EDUCATION

Indiana's 'baby boxes' save abandoned newborns

Monica Kelsey

On an April night in 1973, a teenage mother, scared and alone, handed her newborn girl to a nurse at an Ohio hospital and walked out the door.

Forty-three years later, the woman abandoned as a child is on a national crusade to spare moms and babies the shame, pain and danger that can follow a newborn being left on church steps, in trash bins or out in the elements to die.

Monica Kelsey, of Woodburn, Ind., founded the Safe Haven Baby Boxes organization to install depositories around her state ensuring the safety and care of newborns who otherwise stand no chance.  

As soon as the box, typically built into the exterior wall of a firehouse or hospital, is opened and a baby placed inside, a 911 alert is sent. Inside the box, the baby is protected in a climate-controlled, padded and locked container until help arrives. Motions detectors trigger a second call to 911, and paramedics arrive within minutes to take the baby to a hospital. Mothers are given an option to press a button that would ensure a third emergency call. 

Two of the boxes are already operating in Indiana -- and the 43-year-old firefighter, medic and mother of three is working to expand their use in seven states, including California, New York, Illinois and Texas.

One baby has already been saved since the first boxes were installed.

"My life was saved so that today I may save others," said Kelsey, whose mother had been raped at 17 and who faced an agonizing choice at a time when abortion was illegal.

"My whole life growing up, I just wanted to wrap my arms around her because I knew that she loved me," Kelsey said. "We have given women another choice. I’m pretty proud of that."

The first box was installed at the firehouse where Kelsey works in Woodburn on April 19, exactly 43 years to the minute after Kelsey was left at a hospital in the tiny Ohio town of Montpelier, she said. A second box is in Michigan City.

Kelsey said she first thought of the idea in 2013 while on a trip to South Africa, where she was speaking at a Capetown church with a "baby safe," a similar chamber for safeguarding abandoned newborns.

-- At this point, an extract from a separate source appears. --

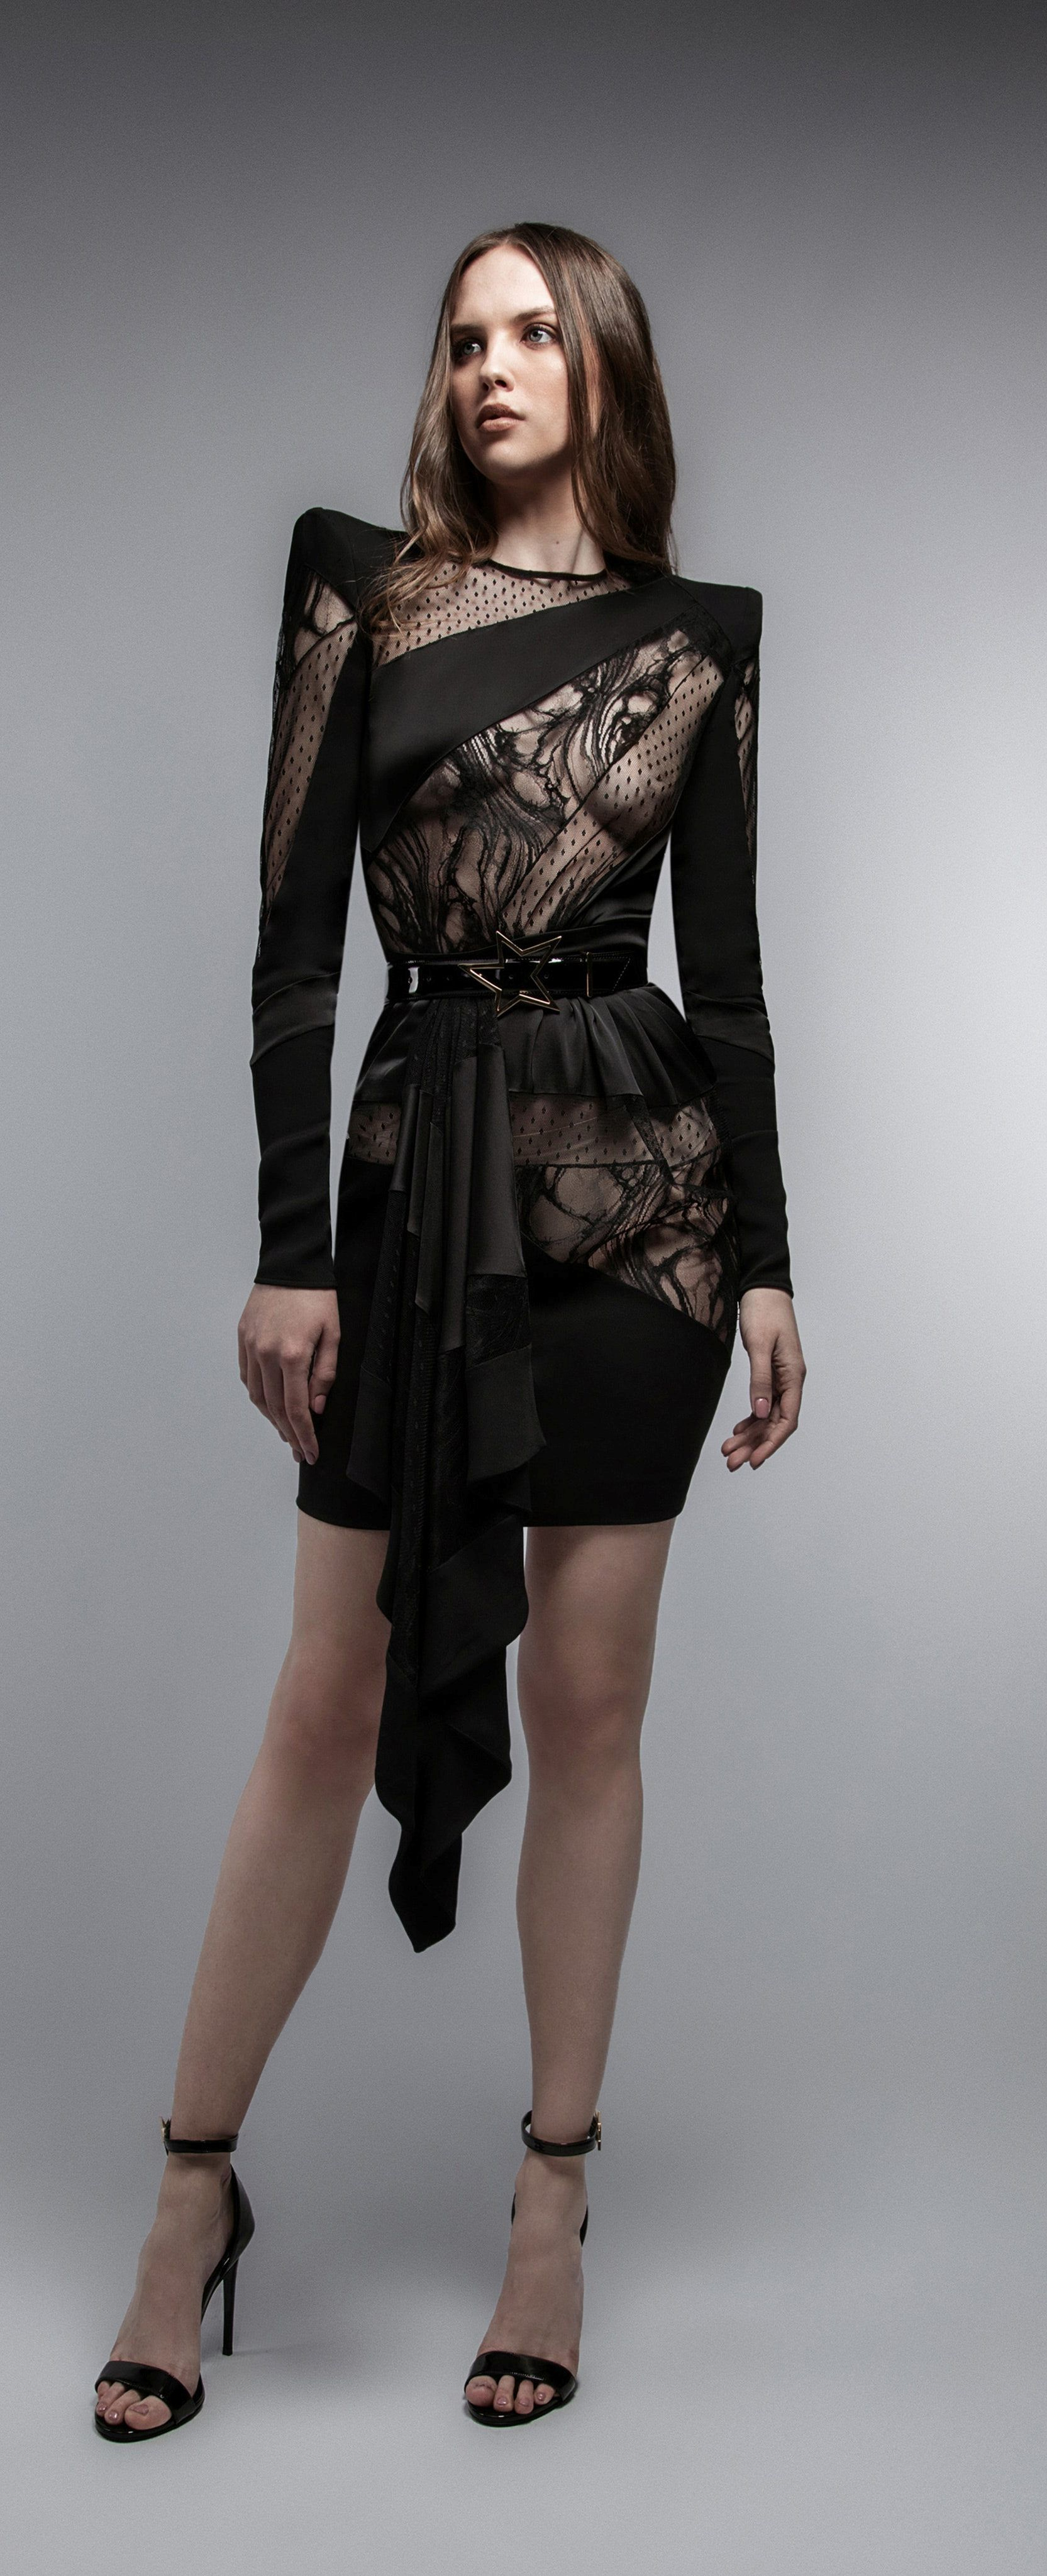 Zuhair Murad Fall 12 RTW in 12   Style inspiration, Fashion ...
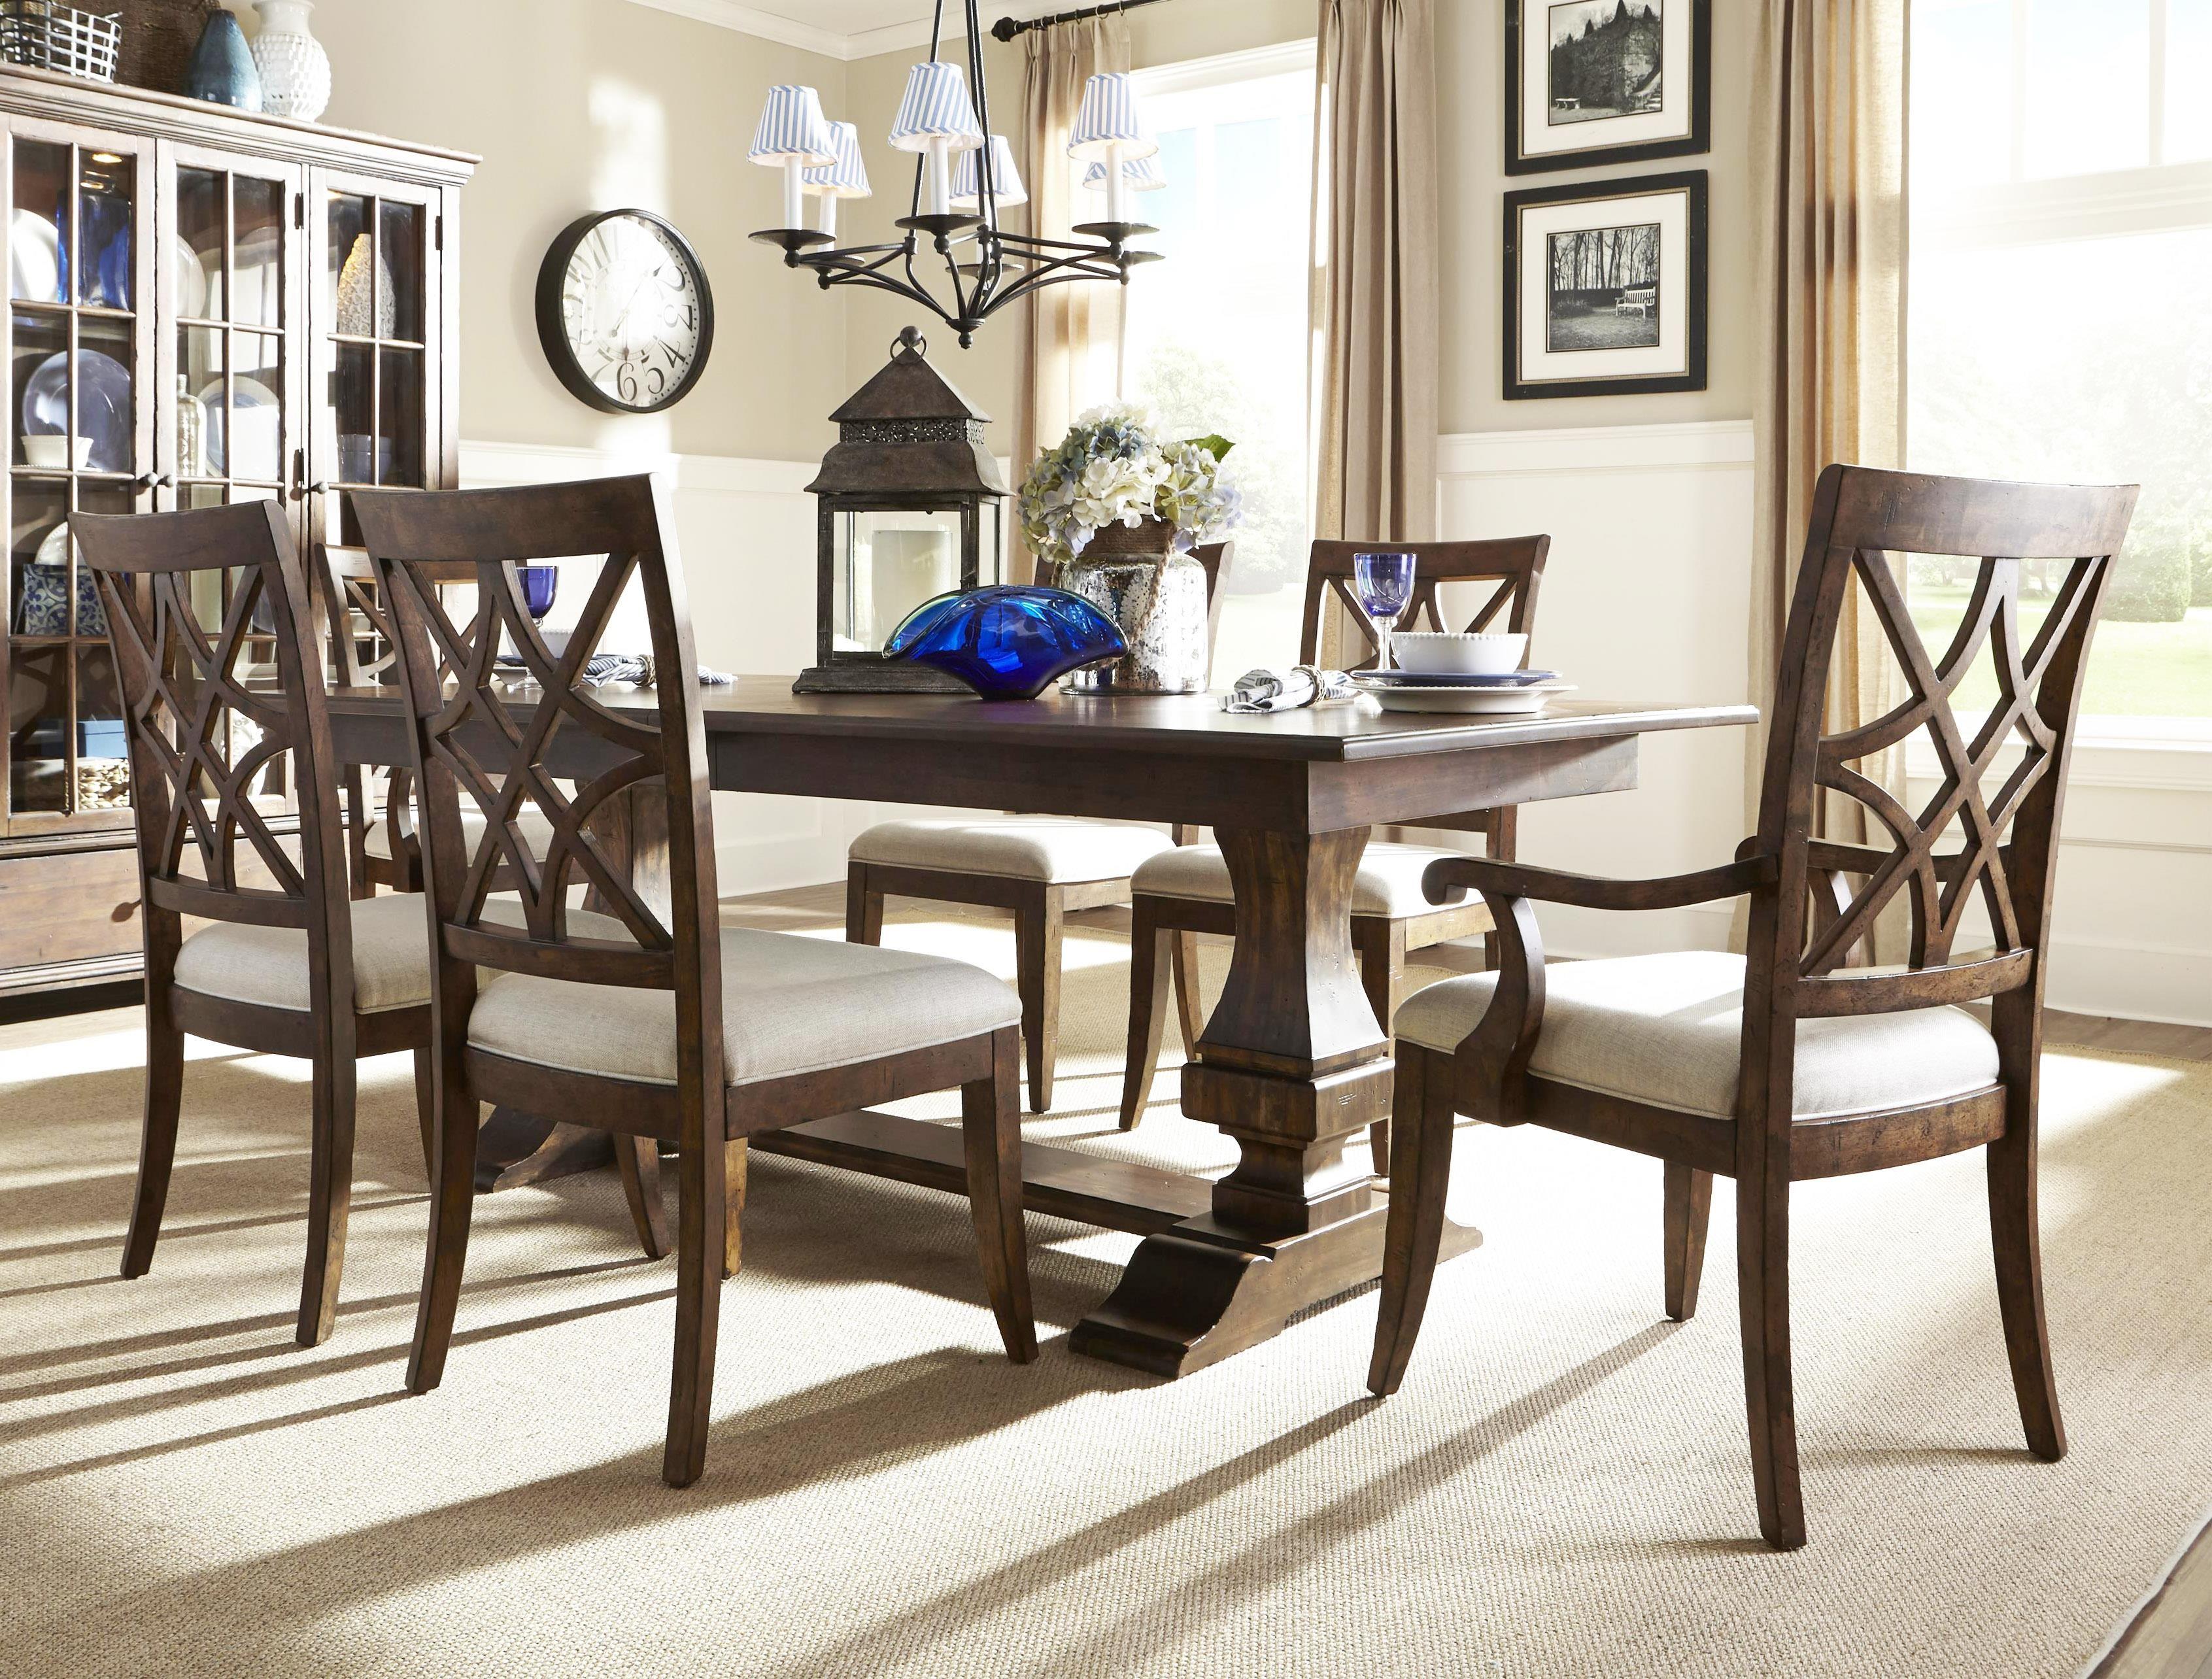 Trisha Yearwood Home 5 Piece Dining Set By Trisha Yearwood Home

"I was so intrigued with this baby safe," Kelsey recalled. Upon returning to the U.S., she sketched a picture of what her box might look like and took it to a builder friend in Fort Wayne who "brought it to light."

"This is something that we’ve studied and made sure it’s as
safe as possible," she said.

On the outside, the safe looks somewhat similar to a library book depository -- with a written notice in English and Spanish identifying it as a designated Safe Haven Surrender Site under Indiana state law, therefore exempting mothers from any criminal prosecution.

Next to the sign is a black-and-white imprint of a baby's foot -- a powerful symbol, Kelsey says, of the organization's mission.

The footprint is that of Amelia Grace Hope, whose infant body was found in Eagle Creek Woods in Indianapolis on Dec. 28, 2014. The unidentified girl, wrapped in a sweatshirt, was born a healthy 8 pounds, 6 ounces, according to the coroner, who ruled the infant died from animal bites to her arms and legs.

"We are giving her dignity in death because her parents didn’t give her dignity in life," said Kelsey. "She will forever be known as the defender of the Safe Haven Law."

To Kelsey, her life has come "full circle" in the work she's dedicated to abandoned babies.

She said she found her biological mother seven years ago, when she was 36, and learned she was the victim of a brutal rape and never had more children.

"She had sought an illegal abortion but then changed her mind," Kelsey said.

The woman died a few years ago, at age 57, and Kelsey was with her in a hospital when she passed. 

"She was with me when I took my first breath and I was there when she took her last," she said.